Read more about Dev Containers here: https://code.visualstudio.com/docs/devcontainers/containers.
Setup Instructions
- Install the VS Code extension "Dev Containers" by microsoft.com.
- Open your package folder in VS Code, ensuring that the
.devcontainerfolder is at the root of the File Explorer - Bring up the Command Palette (on mac: Cmd + Shift + P), and select "Dev Containers: Rebuild and Reopen in Container"
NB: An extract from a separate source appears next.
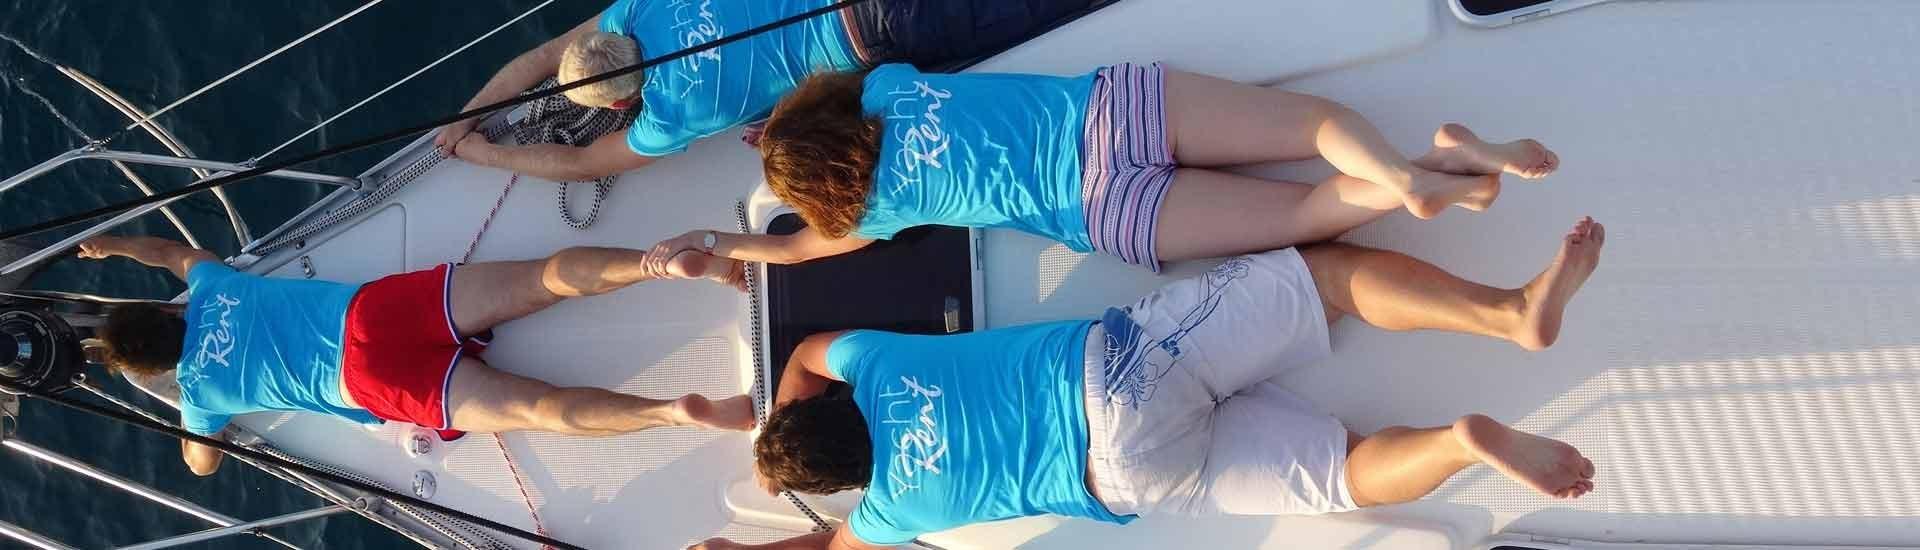 Yacht-Rent na leđima

- Allow the docker image to be built, then you're ready to develop
Development Workflow
Once inside the Dev Container:
- Terminal access: Open a terminal within the container
- Run your code: Execute
datacustomcode run ./payload/entrypoint.py - Environment consistency: Your code will run inside a docker container that more closely resembles Data Cloud compute than your machine
[!TIP] IDE Configuration: Use
CMD+Shift+P(orCtrl+Shift+Pon Windows/Linux), then select "Python: Select Interpreter" to configure the correct Python Interpreter
[!IMPORTANT] Dev Containers get their own tmp file storage, so you'll need to re-run
datacustomcode configureevery time you "Rebuild and Reopen in Container".
JupyterLab
Within your inited package, you will find a jupyterlab.sh file that can open a jupyter notebook for you. Jupyter notebooks, in
combination with Data Cloud's Query Editor
and Data Explorer, can be extremely helpful for data
exploration. Instead of running an entire script, one can run one code cell at a time as they discover and experiment with the DLO or DMO data.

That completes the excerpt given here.